Moving forward, I felt supported by a community that had my back, that I could turn to for advice and inspiration at any moment, and with that confidence I went on to organize a music festival, start writing a book, manage the front-of-house at a brewery, and collaborate on a Zimbabwean agricultural initiative.

Over the last ten years, other alumnae have gone on to become mothers, fathers, educators, carpenters, social workers, chefs, activists, lawyers, musicians, campaign managers, baristas, filmmakers, composers, dancers, farmers, postal workers, community leaders, sales people, photographers, inventors, computer technicians, and fashion designers; and that is just to name a few. There are now more than 300 alums from approximately 35 countries, each engaging uniquely with the world, but each moving through life with a deeper understanding of what we are facing as a global community and of the value of relationship.

Several years after my graduation from the program I returned for two years to join a team of six in organizing the program. Through that experience I learned what it takes to support and hold such a diverse group of individuals the way that I had been held, a perspective for which I am very grateful. And over the last few years I have returned as a course leader, experiencing what it is like to be in the presence of these brilliant minds and hearts and hands for just a moment on their journey, becoming part of an extended community of support as they move along their way.
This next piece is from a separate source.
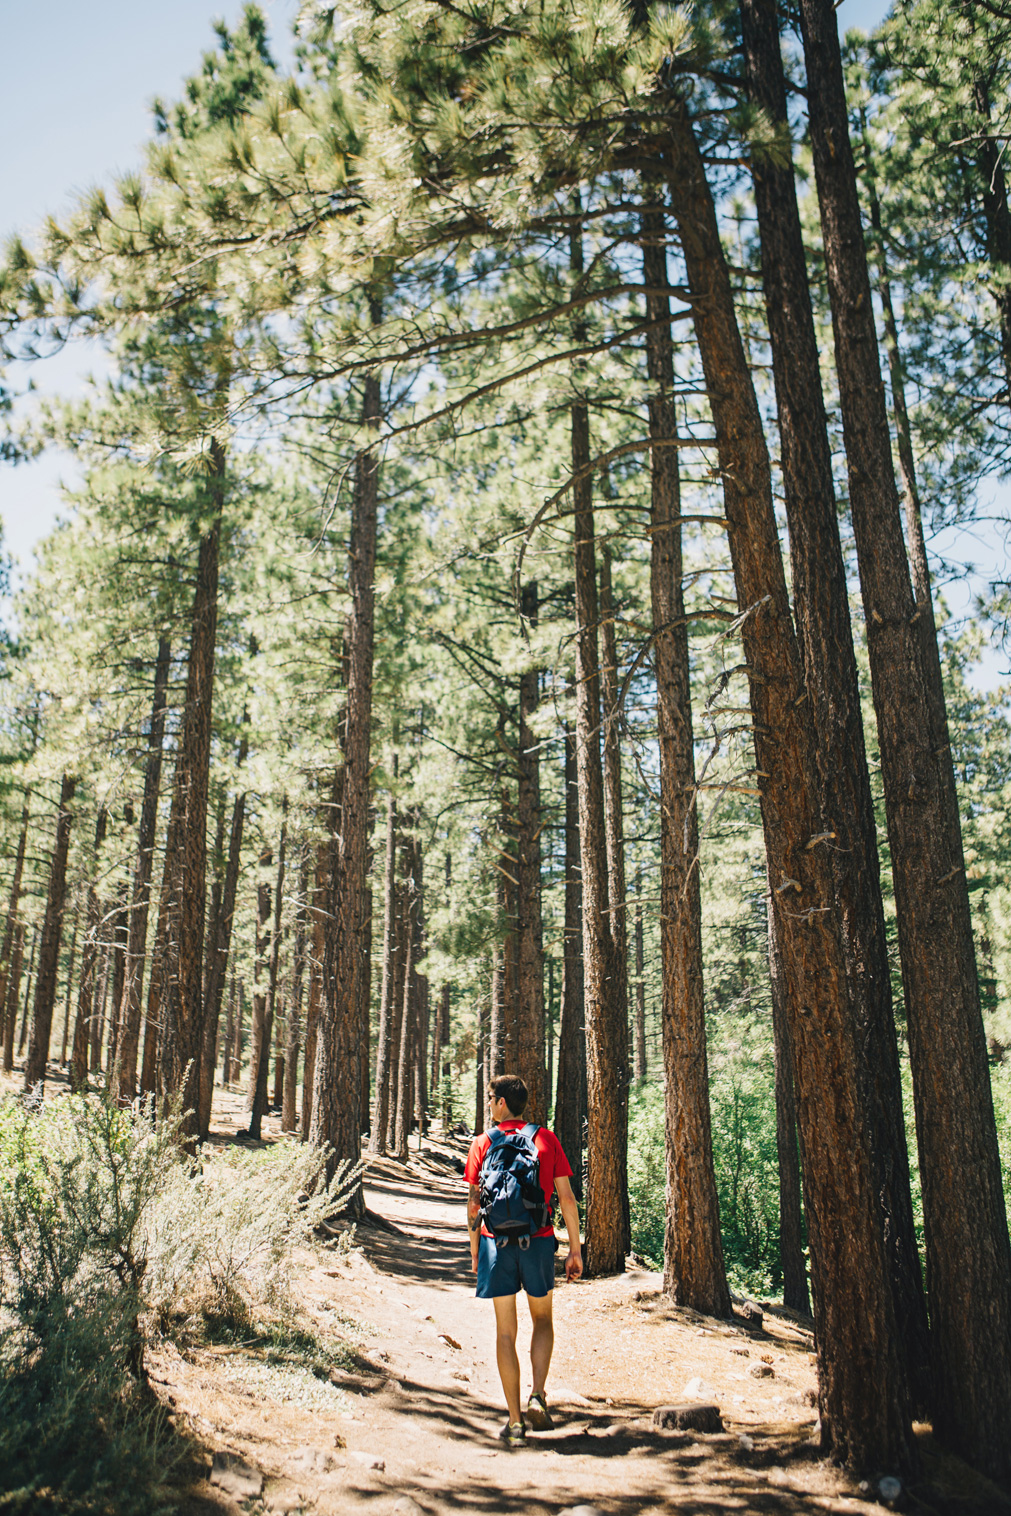 CindyGiovagnoli_Galena_Creek_Visitors_Center_hike_Reno_Tahoe_Nevada_outdoor_activities-003.jpg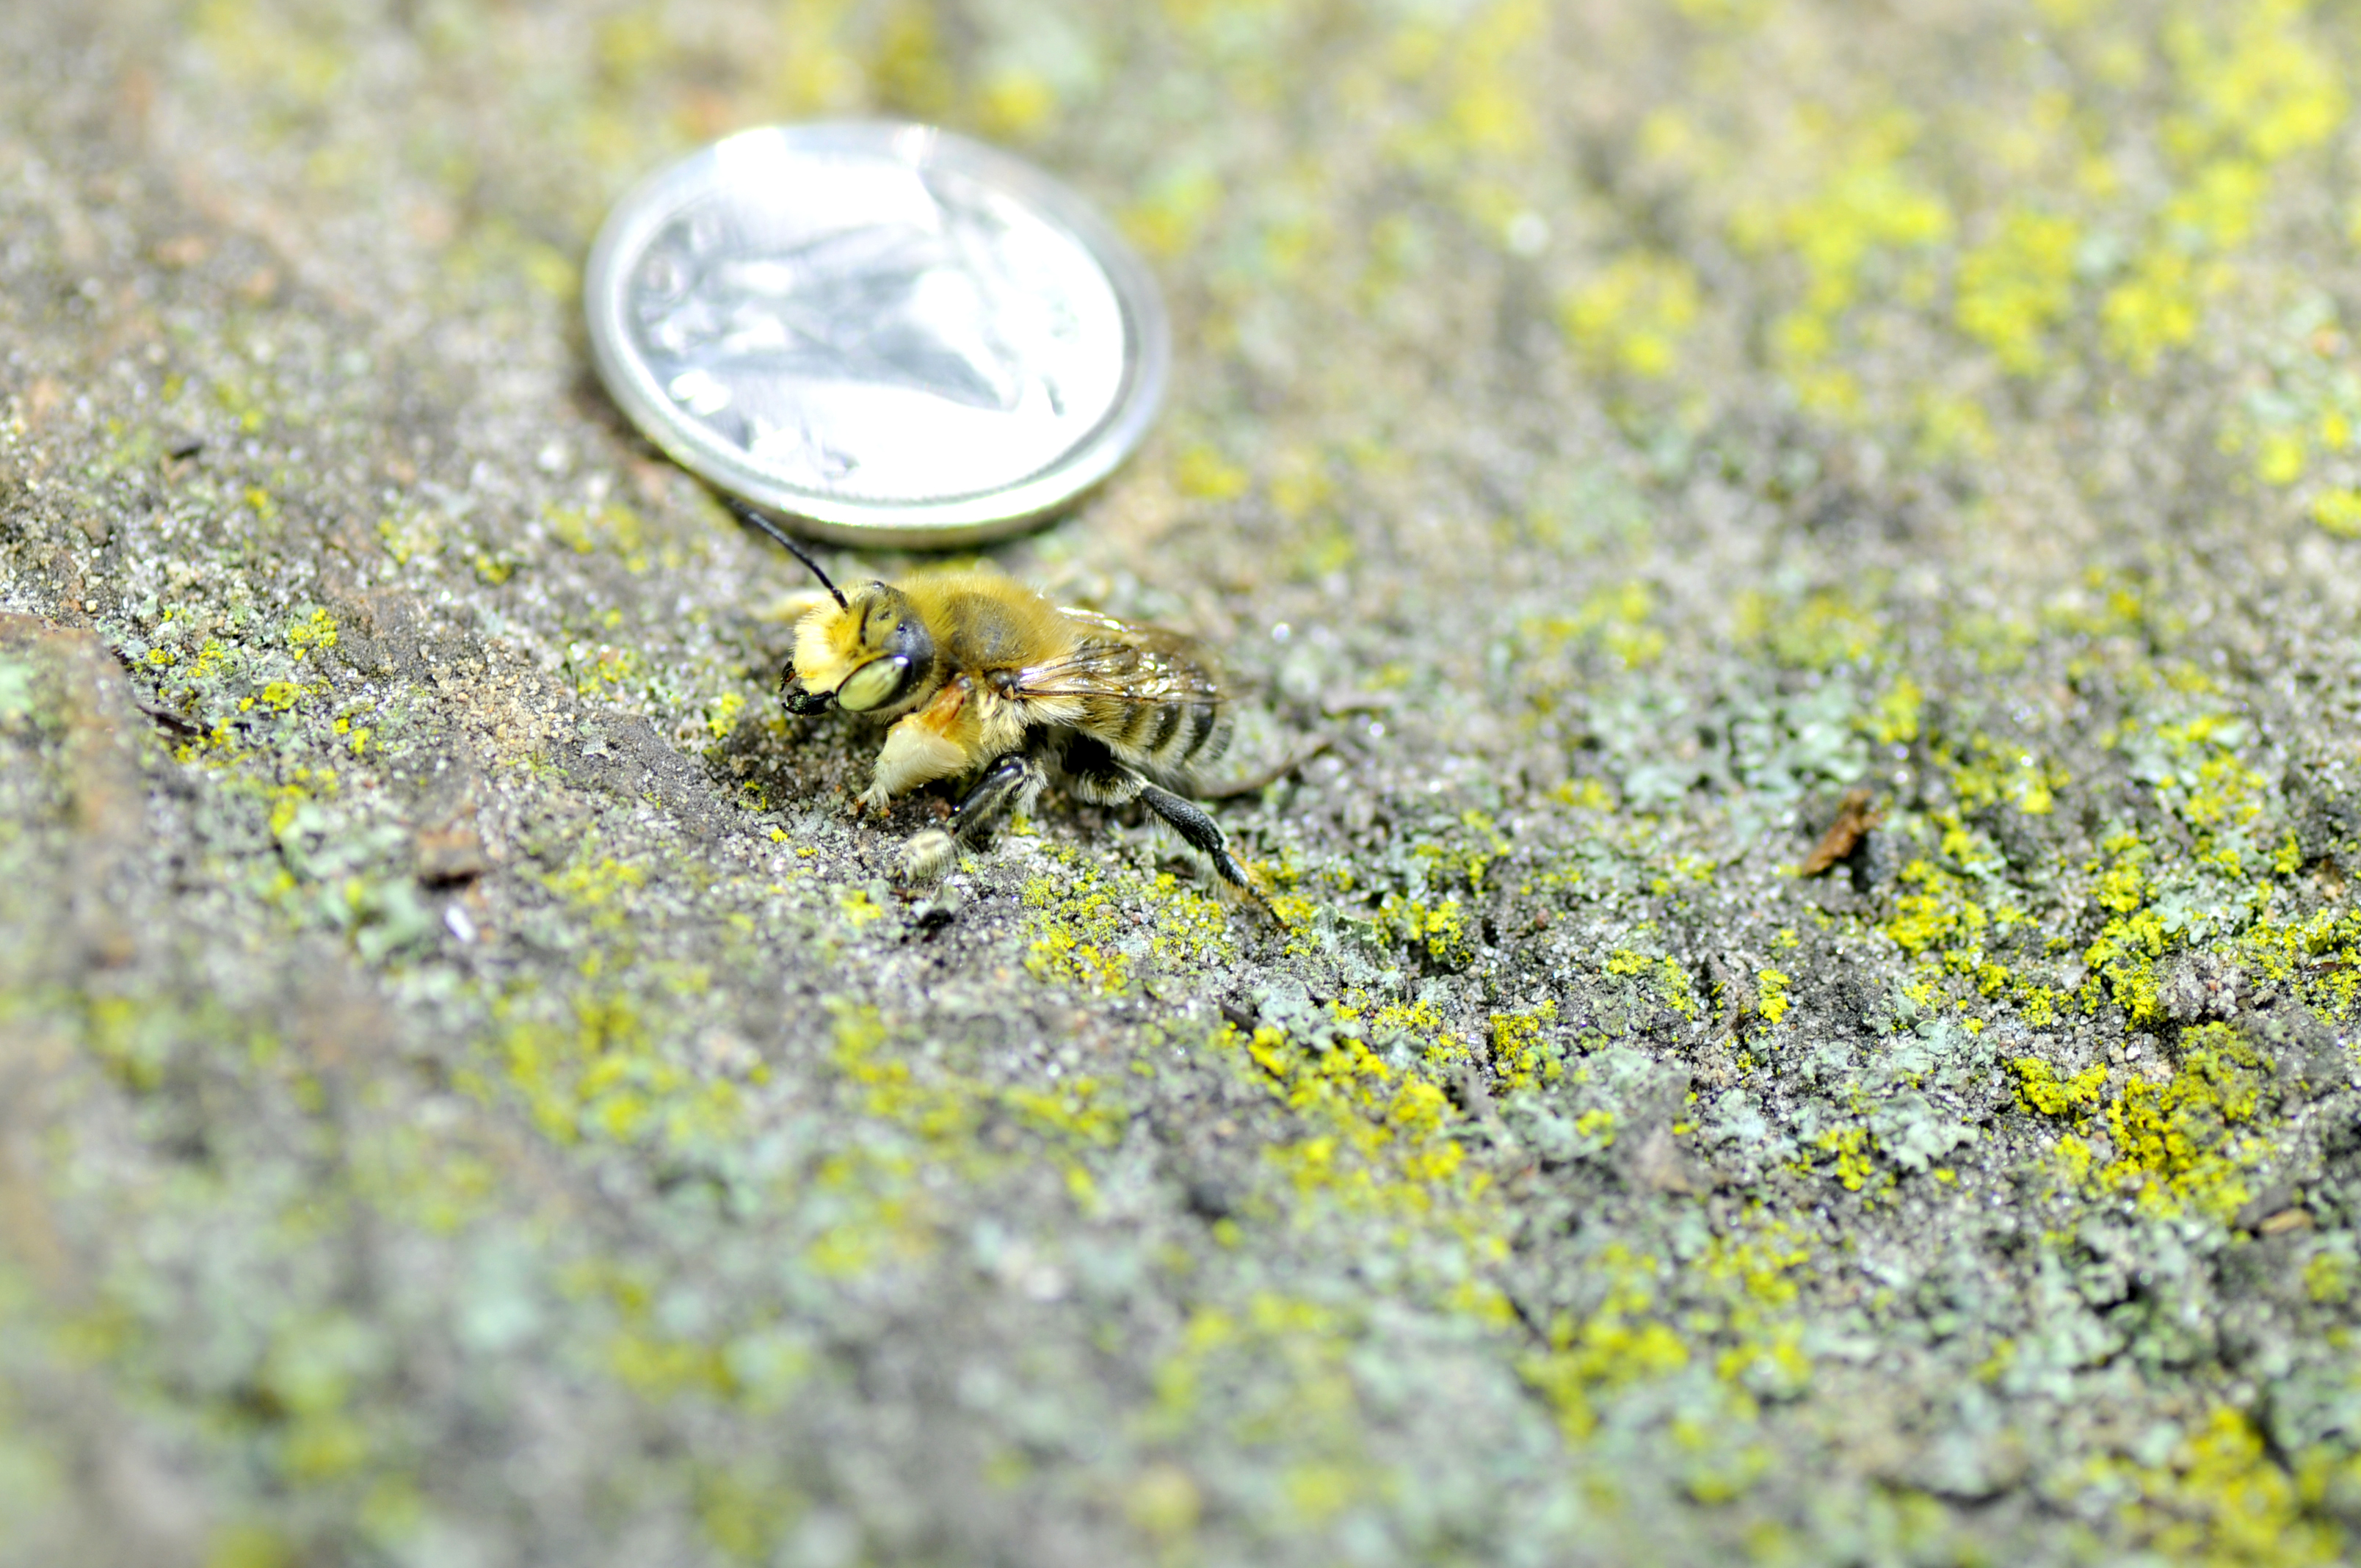 Male leaf-cutter bee

I am now days away from turning 30 years old. In many ways, and among many other things, I am a seeker. I seek out goodness and justice in the world; and where it is lacking I attempt to create it, alone and together with others. And although I have been chewed up and spit out several times along the way, I do my best to remain confident that goodness will ultimately prevail. I believe that in no small part my experience at YIP has played a role in the development of this conviction.